CALGARY — An Alberta woman’s life was saved from a blood clot caused by COVID-19 utilizing a new medical device making its Canadian debut.

The Indigo Lightning CAT12 was used by physicians at the Foothills Medical Centre to remove a pulmonary embolism from Brenda Crowell’s lungs.

“Unfortunately, she had COVID-19,” explained Dr. Jason Wong, the physician who performed the surgery. “Shortly after that, she developed what we would call venous thromboembolic disease. That basically means blood clots that form in the deep veins of the legs or the arms, or possibly can form in the blood vessels in the lungs.

“In Brenda’s case, I’m quite sure that because she had COVID-19, she developed these blood clots from her legs, [which] broke off and went to her lungs.”

Crowell was rushed to the emergency room on May 6 after being clinically dead for more than 30 minutes.

“I made it about halfway to the hospital,” recounted Crowell. “And then I don’t remember anything until I woke up on May 13.

“I had gone into full cardiac arrest by [the] time I got to the hospital.”

Crowell was quickly resuscitated, stabilized, then brought to surgery where the Pulmonary Emergency Response Team used the CAT12 to remove the embolism.

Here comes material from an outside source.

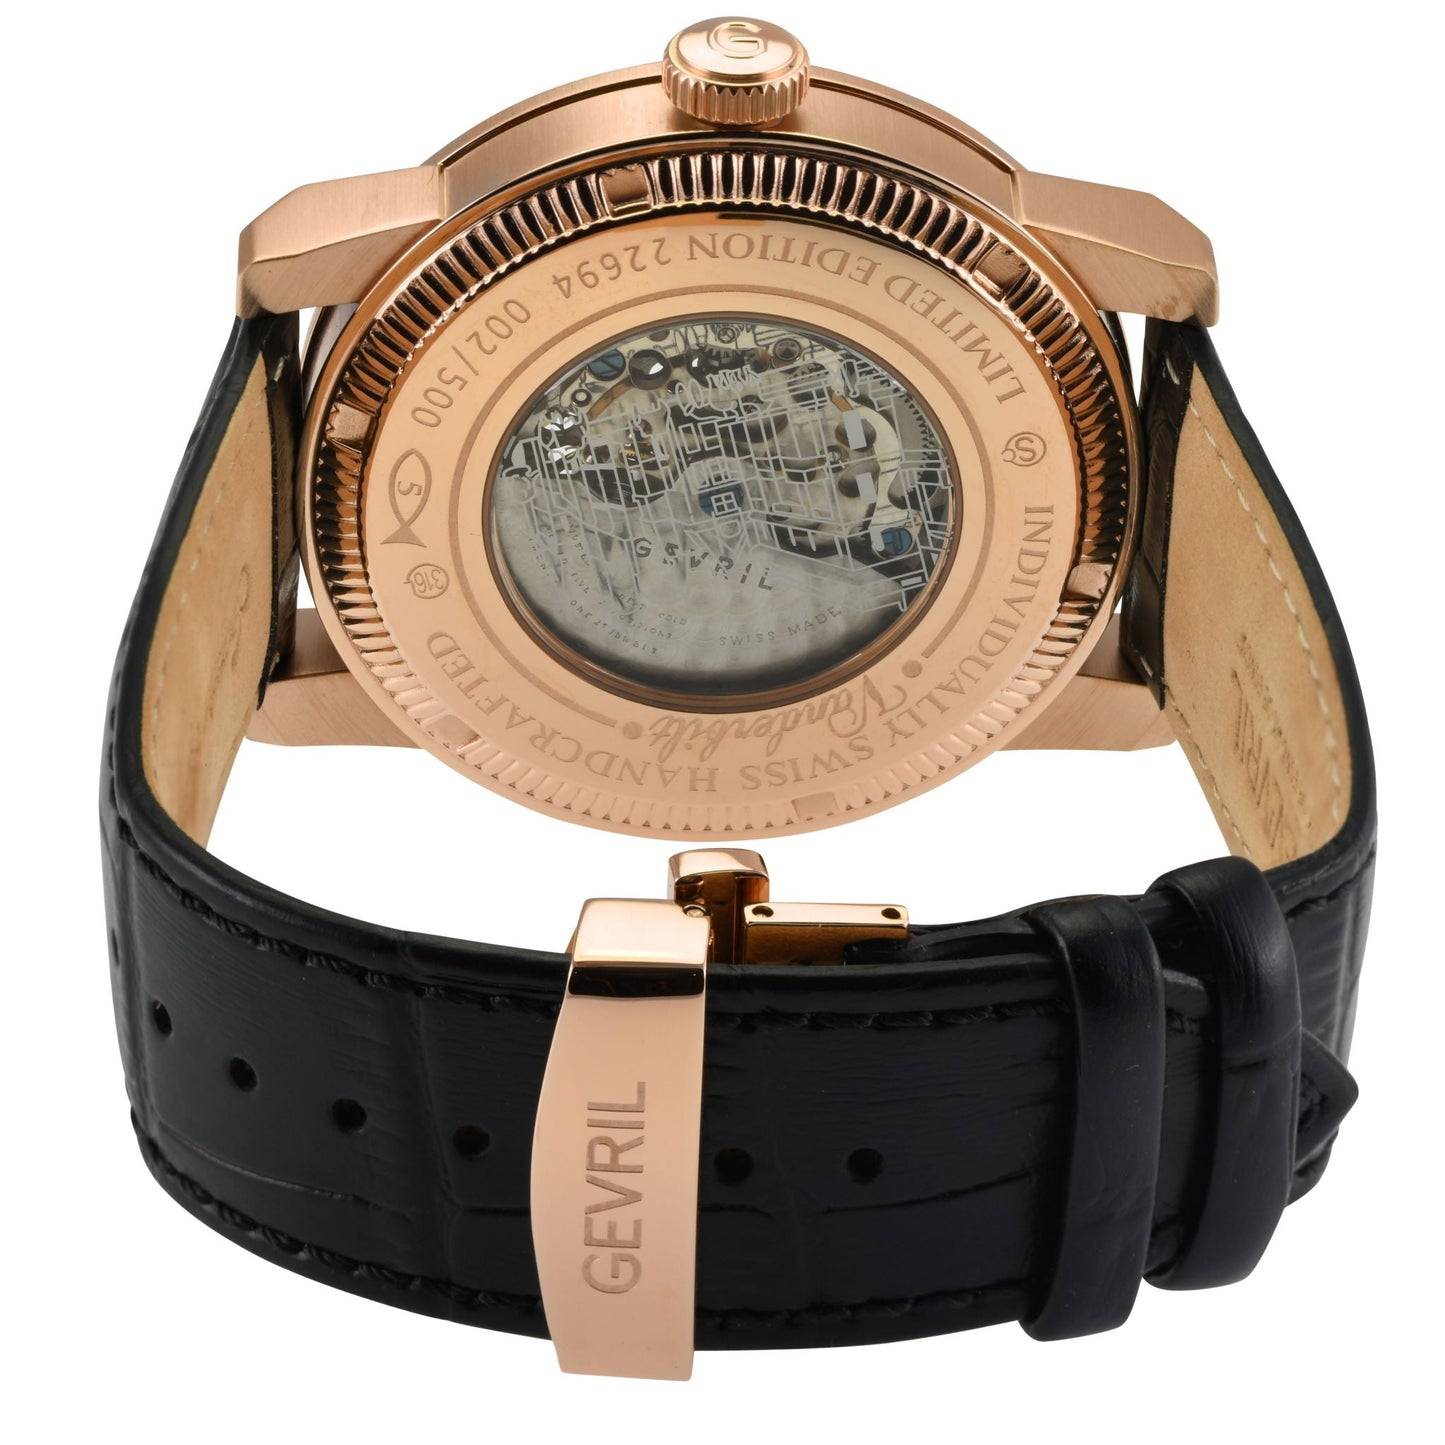 Gevril-Luxury-Swiss-Watches-Gevril Vanderbilt Open Heart-22694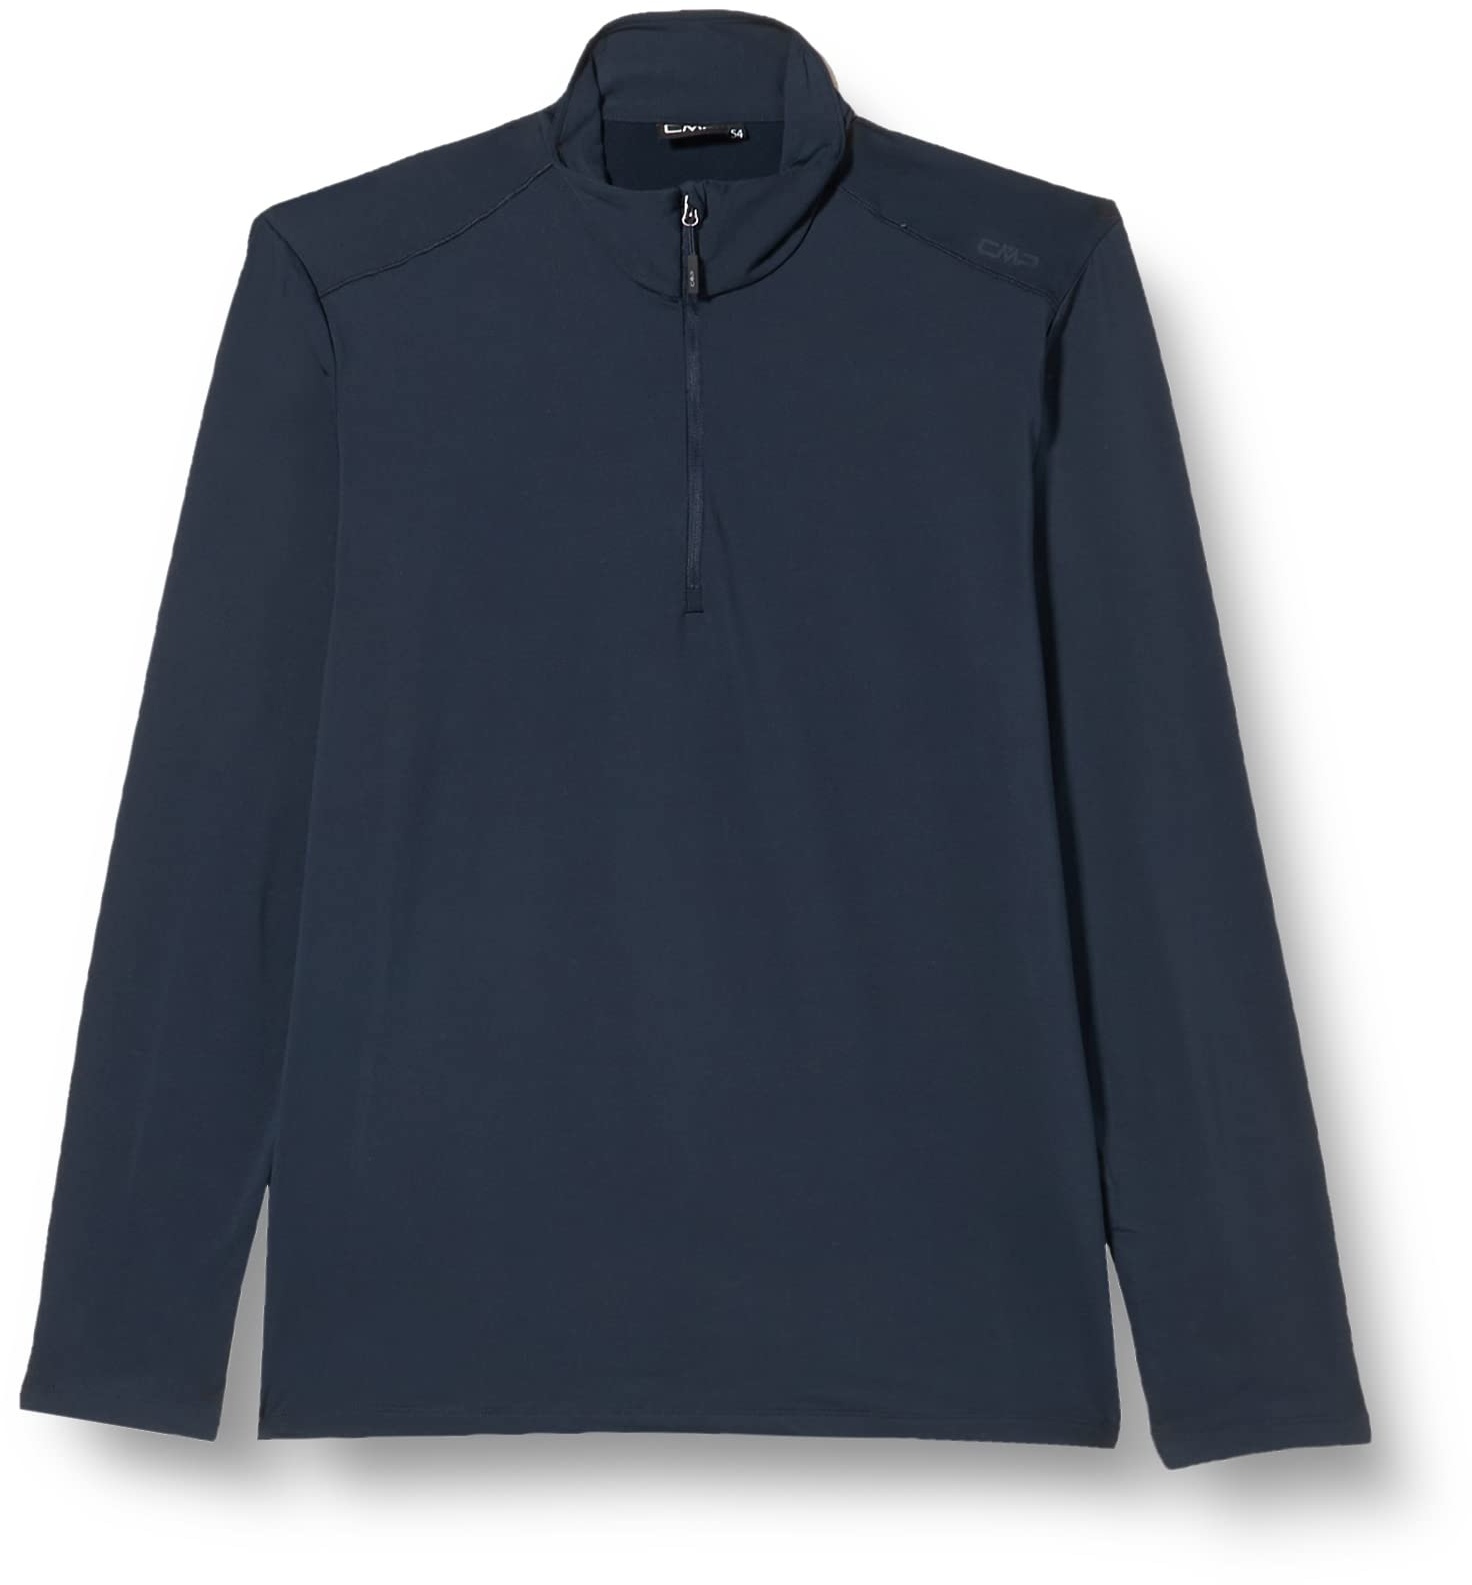 CMP - Softech-Shirt für Herren, Schwarz Blau, 58

“I was intubated as well,” said Crowell. “They took me to the ICU to stabilize me. And then from there I had the procedure to remove the major blood clot from my lung.”

Crowell was put in a medically induced coma for eight days following the surgery.

The CAT12 uses a flexible catheter, roughly the size of a drinking straw, to remove blood clots. Different sizes of catheters can be fitted depending on the size of the blood vessel. The device is designed to detect the difference between free-flowing blood and blood clots.

The Foothills Medical Centre acquired the CAT12 last year for emergency use.